An Inconvenient Truth

Salvatore Sanfilippo, aka antirez, the creator of Redis, posted a piece on his reflections on AI for the end of 2025. He ends with the statement:

The fundamental challenge in AI for the next 20 years is avoiding extinction.

I’ve been hesitant to say this publicly, but I broadly agree with this statement. Here are a few related statements I endorse:

Building intelligences smarter than humans is dangerous.
Aligning a smarter-than-human intelligence to human values is an open and unsolved problem.¹
By default, market forces will cause us to underinvest in AI safety and underenforce pre- and post-deployment safety measures.
Lacking some form of external governance, market forces will encourage “arms race dynamics” between frontier AI labs which sideline whatever safety commitments have been made.
Even if we are able to create and align a smarter-than-human intelligence, there are unresolved long-term concerns around gradual disempowerment² and mass unemployment that should give us serious pause about continuing down our current path.

An Inconvenient Truth

In 2006, Al Gore’s “An Inconvenient Truth” became a focal point for concerns about climate change.
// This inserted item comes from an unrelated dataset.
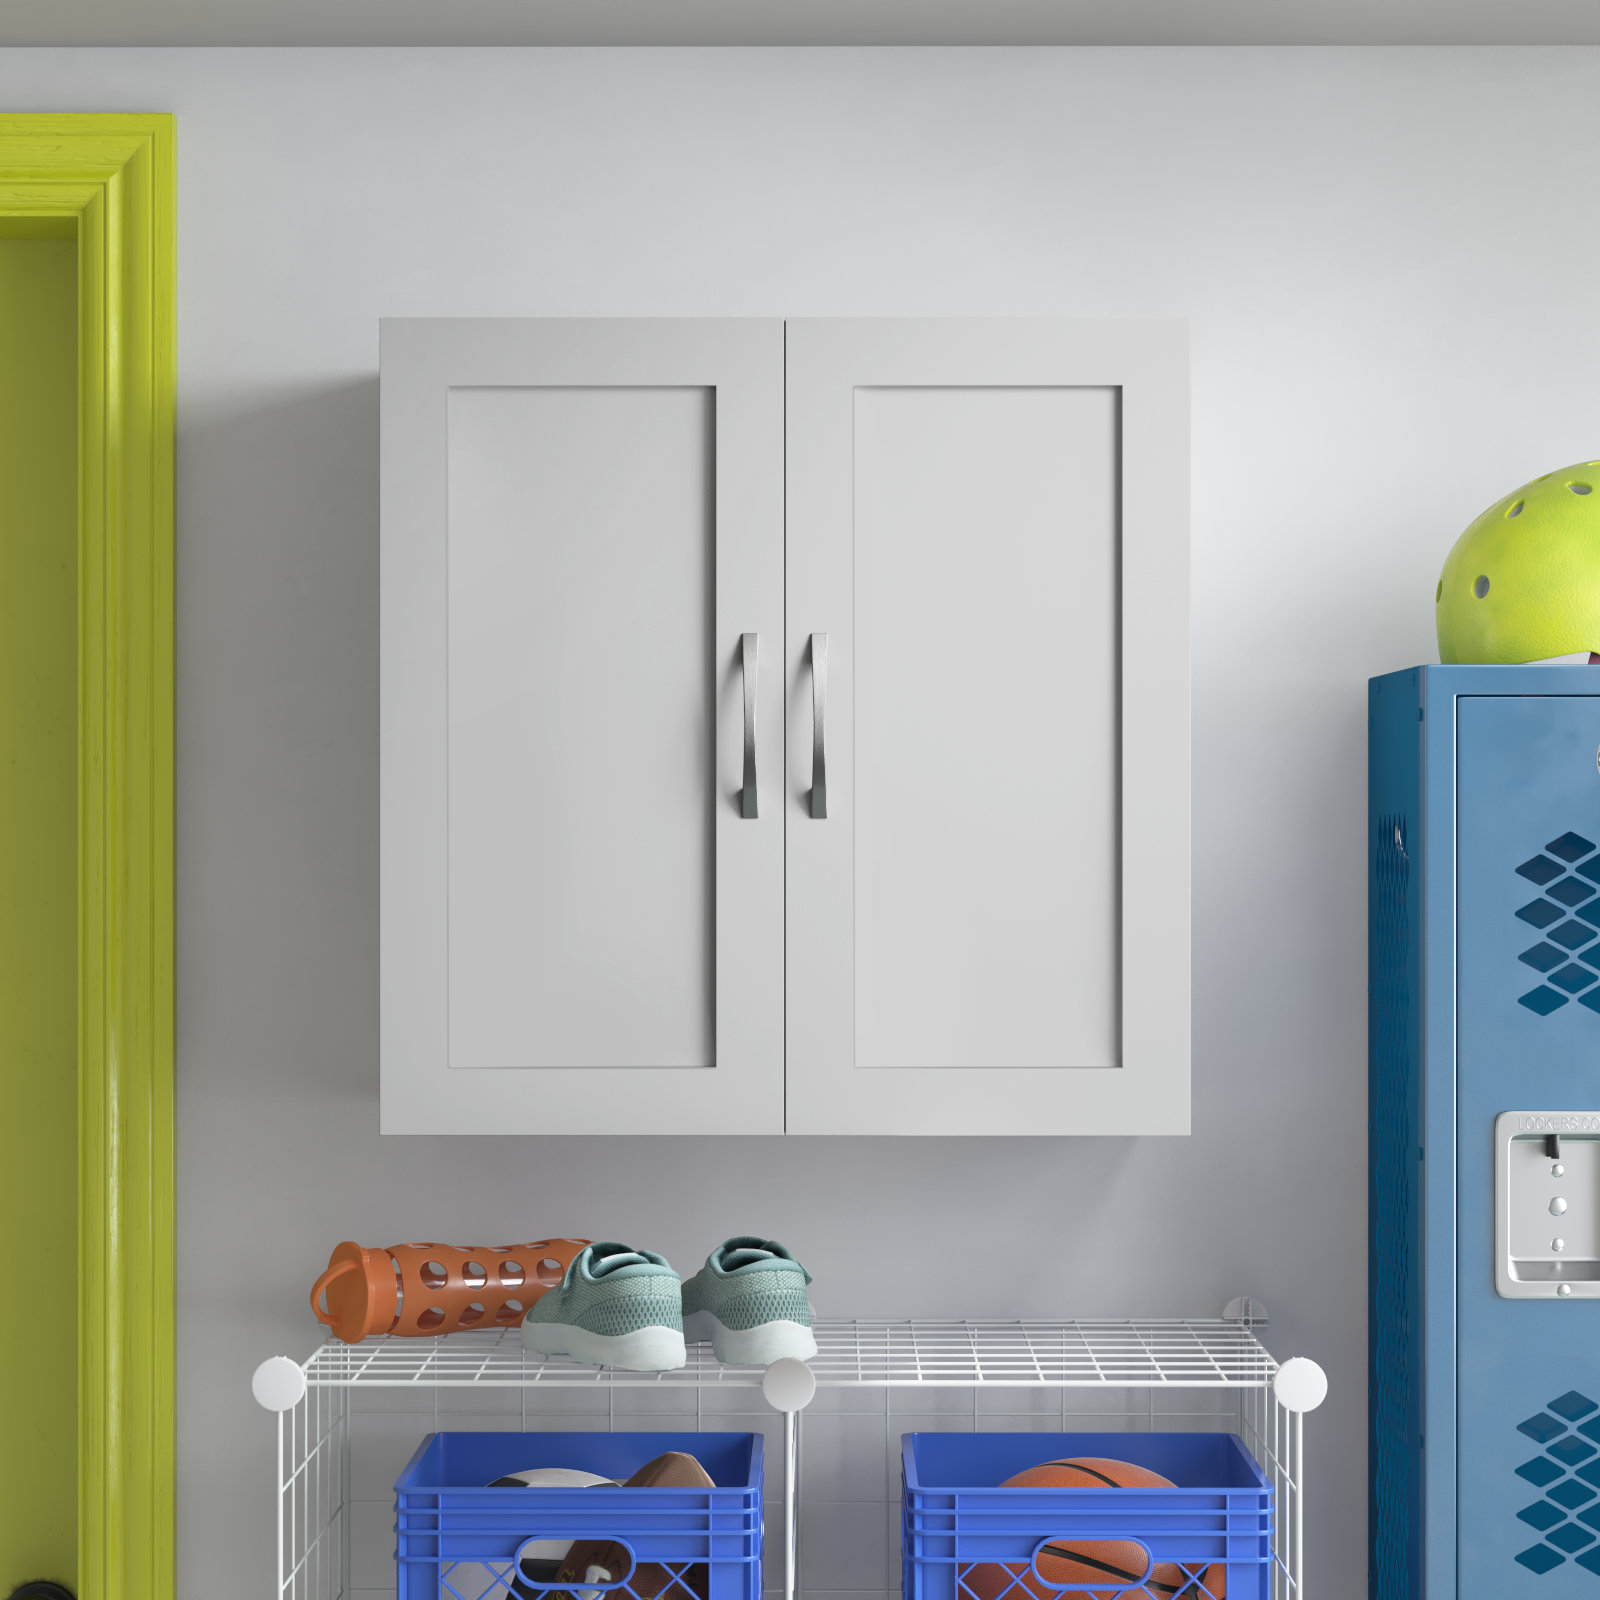 https://assets.wfcdn.com/im/56437970/compr-r85/2553/255332541/wayfair-basics-24-h-x-23-w-x-12-d-framed-wall-cabinet.jpg

We have yet to have an Inconvenient Truth moment for AI existential risk. AI 2027 and If Anyone Builds It, Everyone Dies both came close this year, but neither seemed to spark a broad reaction like Inconvenient Truth or other related climate change movements did.

I think the core framing of An Inconvenient Truth roughly applies to risks from AI. For both climate change and AI x-risk, the immediate impacts feel banal and easy to ignore. The projections based on existing long-term trends, on the other hand, are scary and deserve attention. We are rather poor at allocating attention to long-term risks that would be more easily preventable with short-term governance action. The same tension applies here: it’s costly to put mental energy into considering “doom” from an abstract risk. The risk won’t materialize within the next few years. There remains legitimate uncertainty over just how bad it actually is. And so it gets deprioritized.

AI Risks

The risks of AI exist on a spectrum from “benign and mundane” to “catastrophic and existential”. As you move more towards the catastrophic end of this spectrum, the scenarios one needs to consider get progressively “weirder” and require more extrapolation to recognize as probable.

Mundane risks are things that are already showing up today. Some examples:

LLMs engaging in overt sycophancy, and/or encouraging delusions in people with existing mental illness.³
Using AI to increase the speed and sophistication of existing modes of cybercrime.⁴

Foreseeable risks include things that are not actively problems today, but are on trend to become problems soon:

Significant job losses in knowledge work sectors leading to societally impacting disruption.
Concentration of power in a small number of AI companies.
Autonomous AI systems being deployed in safety-critical or high-stakes domains (e.g. military, financial markets, critical infrastructure) before we have robustly solved out-of-distribution alignment.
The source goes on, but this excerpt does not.